In July’s “need versus want, demand is dying,” we wrote of how not only are “want” vendors like Amazon.com are suffering dramatic sales declines, but “need” purveyors like McDonalds and Walmart – the latter of which, sadly, actually cites government reductions in food stamp payments as a significant contributor to revenue weakness. However, given the ongoing parade of corporate titan’s falling off the wagon, even the most jaded propagandists are having trouble citing “non-recurring issues” – like food stamp reductions, “the weather” and others.
Clearly, a slew of coalescing factors are contributing to the American corporate decline – not the least of which, as directly cited by Coke this morning, is the “strong dollar” we have screamed for months about. As we predicted, the Fed itself warned of the ramifications of a strong dollar in their (retroactively doctored) FOMC minutes last week as it strives to “win” the unwinnable “final currency war.” Effectively, multi-national corporations are negatively impacted by both “strong” and “weak” dollar movements, in what we deem the “single most precious metals bullish factor imaginable.” In other words, extreme currency volatility – the hallmark of fiat currency regimes – is catastrophic to corporate earnings (and planning). And thus, until real money returns, they will continue to be enveloped by this horrifying financial storm.

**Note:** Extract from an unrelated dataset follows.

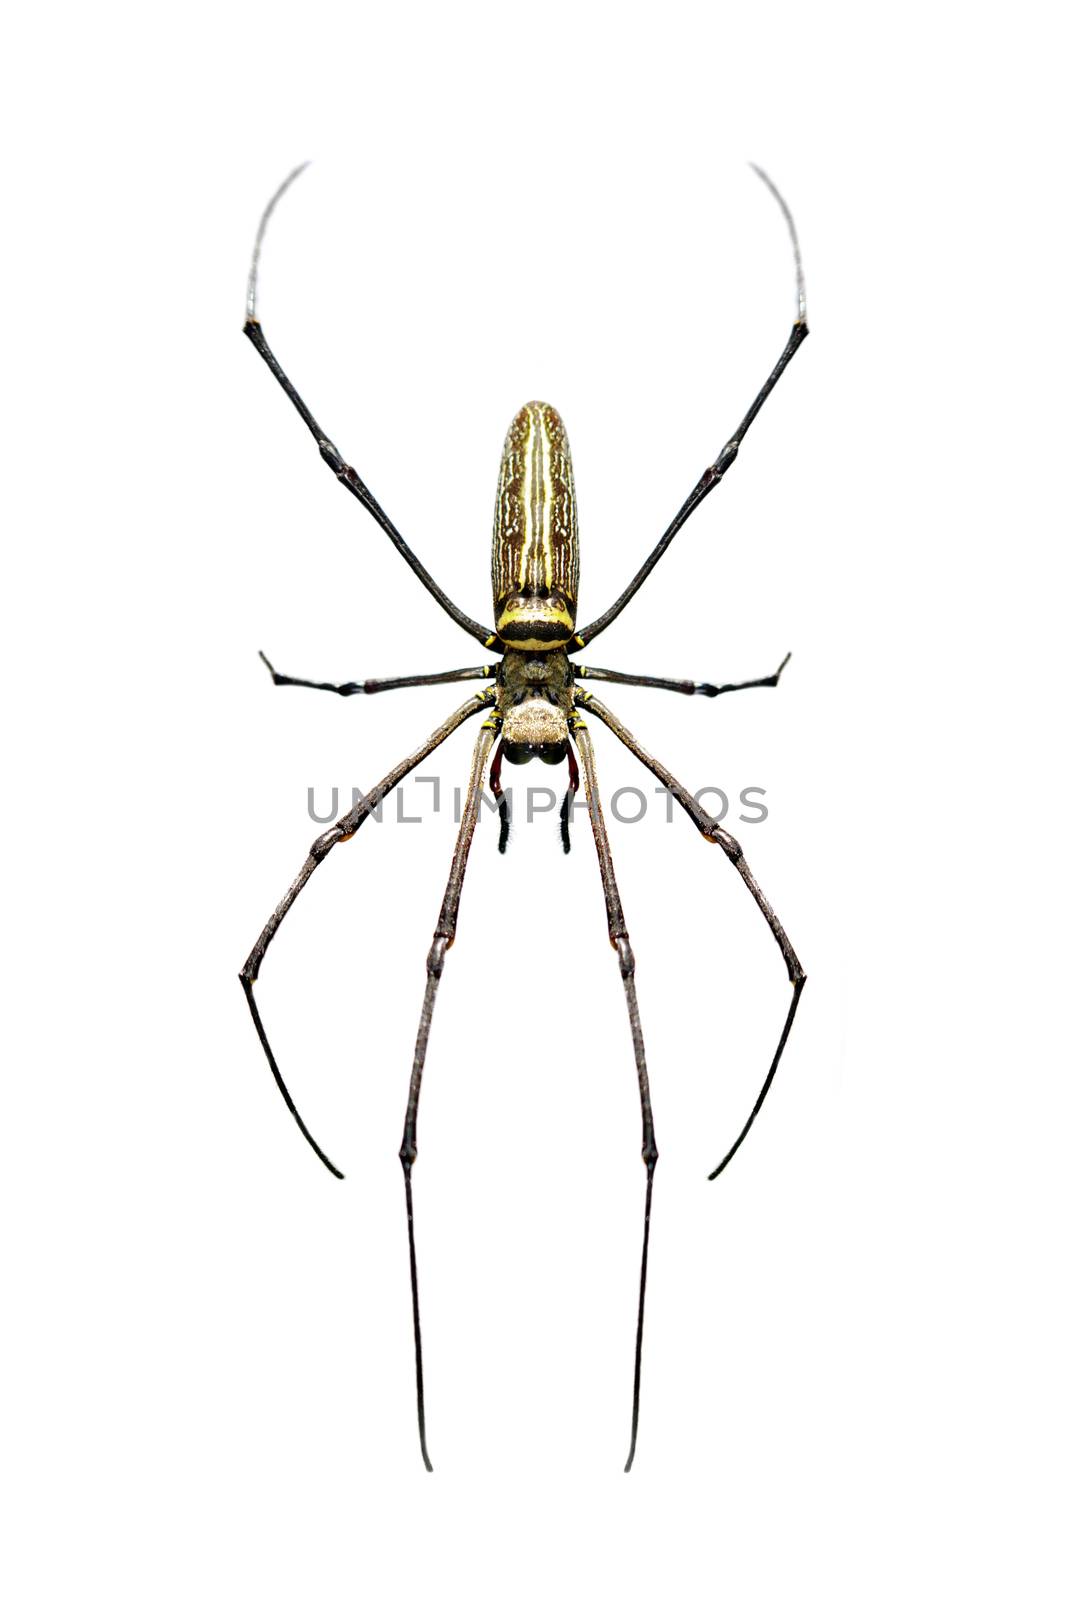 Image of Golden Long-jawed Orb-weaver Spider(Nephila pilipes) is by yod67

The fact that WMT, MCD and KO are all components of the Dow Jones Propaganda Average only increases PPT stress – stacking the odds further against their ill-begotten, world-destroying plans. As noted yesterday, the world’s greatest debt enabler – Visa and most notorious financial mobster – Goldman Sachs are now the two largest representatives of America’s most prestigious equity index. And if that doesn’t describe how rapidly the “guard” is changing – for the worse – we don’t know what does.
Actually, we do – as the global secession movements resultant of decades of financial repression gain momentum. Last month’s Scotland independence referendum was just a “shot across the bow” – to be revisited November 9th when Catalonia, Spain votes whether to secede from Spain, taking with it a quarter of the hopelessly socialist nation’s tax revenue. And don’t forget the rapidly approaching date of potential destiny, November 30th – when Swiss citizens vote whether the Franc should be re-linked to gold to the tune of nearly $100 billion worth at current prices.
To that end, given this morning’s headline – while simultaneously, the GLD ETF’s inventory plunges to a multi-year low – you can bet TPTB are in near panic mode.
Yes, friends, a “changing of the guard” is indeed at hand. If the Swiss do in fact vote “yes”; mark our words, the big bad “New York Gold Pool” will immediately suffer the fate of London Gold Pool in 1968, and all other efforts to suppress real money throughout the centuries. And thus, we ask, do you want to be on the right side of this generational trade – or the wrong side of history?